The web used to remind me of the story of Butte, MT. Butte apparently had a
mini gold rush that quickly died down when people realized there wasn't much
gold. Many of the gold prospectors left, because no gold meant no fortune. For
some of those who stayed, however, the hills yielded a larger fortune in
Copper, Silver and other metals.

The web used to be like that. You went looking for gold, and occasionally
found a fortune in copper and silver instead. As search becomes more and more
focused, however, there's no more copper or silver. Just a dead end, and a
sign that says "No Gold.".

------
kenjackson
I'm not sure if Google gets this, but the interaction between social search
and general keyword search is pretty small. As others have noted, I rarely
want results for general searches from those in my social network. And when I
do, I actually would prefer to specifically invoke it.
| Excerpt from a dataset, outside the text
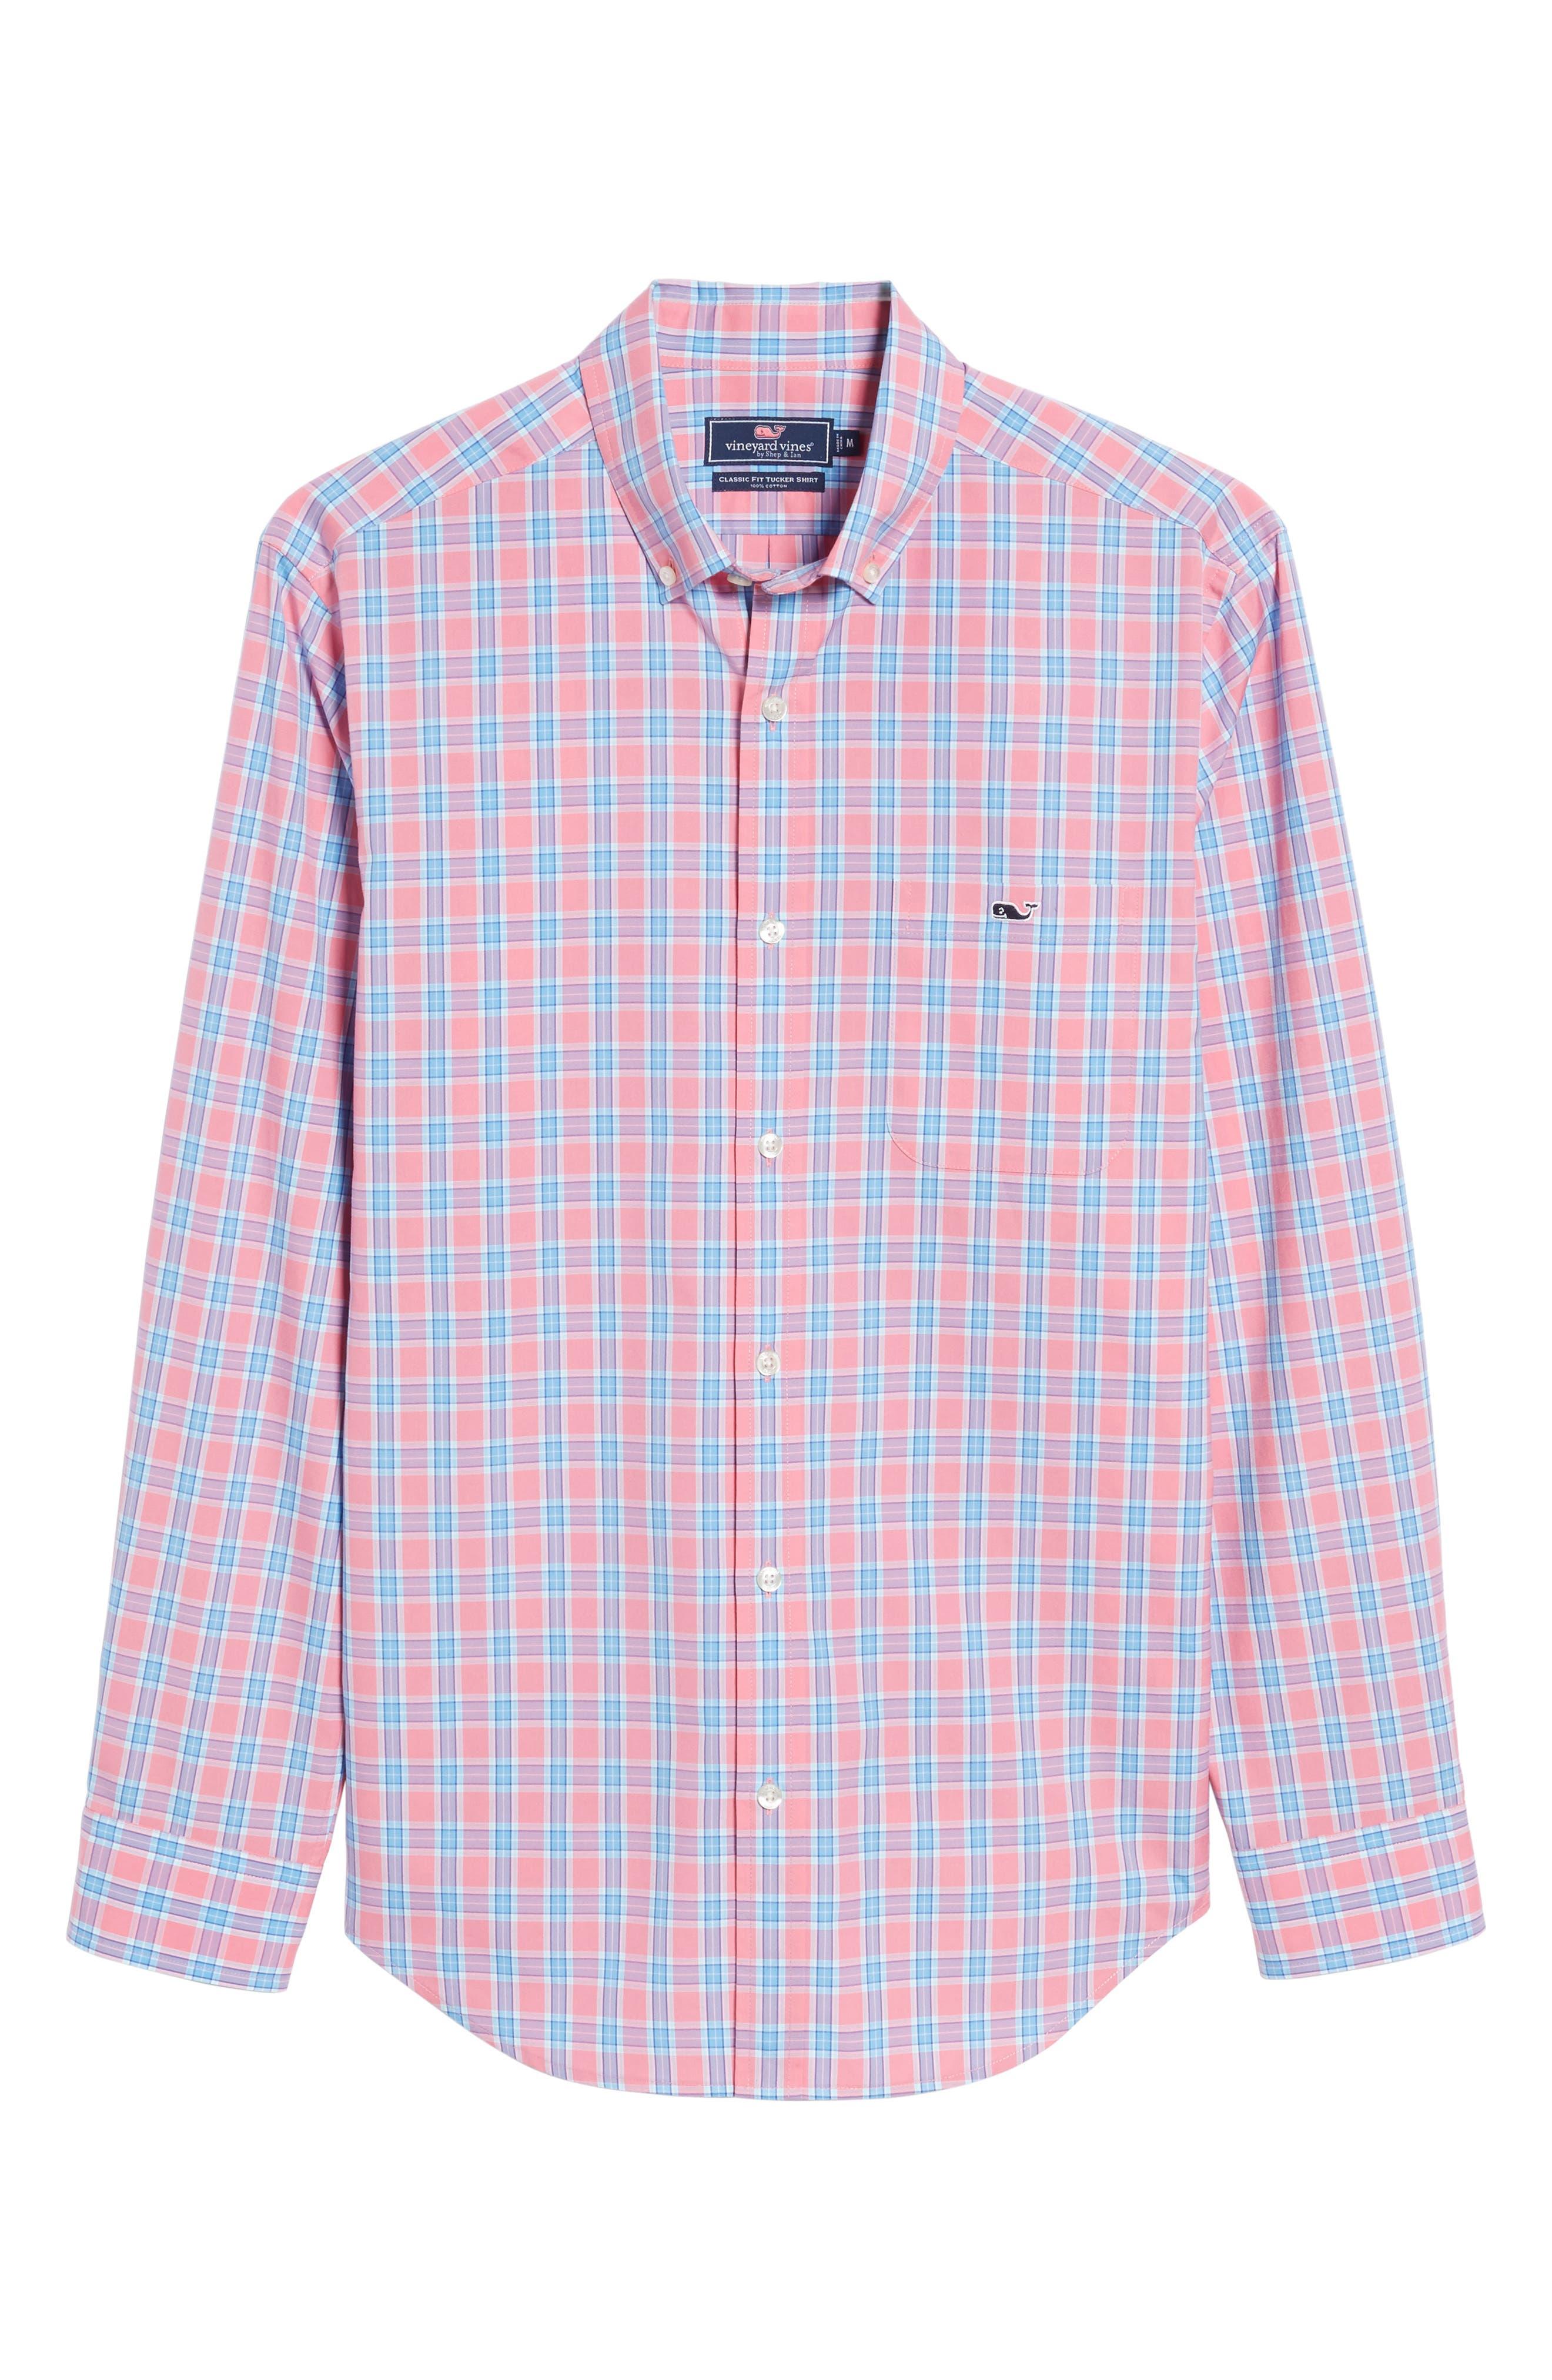 Tucker Bayard Classic Fit Plaid Sport Shirt,                             Alternate thumbnail 6, color,                             650

And if anything, when I
do a social search I want the opposite of what they're doing -- I want social
info from Twitter/Facebook of public info from people NOT in my network.

I feel Google is so concerned that they may be losing a monetization
opportunity that they're screwing over their customer user experience. Google,
your next billion dollar business is not Facebook or Twitter.

And BTW, if Matt is reading, WTF is up with GMail using contextual
information, even if I turn it off? This to me is a HUGE no no. Maybe I turned
it off incorrectly, but if someone like me gets it wrong, the mechanism to
turn it off is broken.

------
joebadmo
I hope this is and the obvious interest of twitter and facebook to get in on
this action represents a crack in the closing web.

And in some sense, it always seemed like that's what G+ was all about: a moat
to make sure they'd keep get/access to all the information that was flowing
into closed social networks. Being included in search results is a powerful
incentive.

The next step has to be open APIs, though, right? I should be able to add
social signals outside of G+ and other closed social networks.

------
RexRollman
Can I please have my old Google search back? The one that returns
unpersonalized search results by default, didn't use javascript tricks in the
URLs of search returns just to track clicks, and didn't have an annoying
hideaway thing on the right side?

Pretty please?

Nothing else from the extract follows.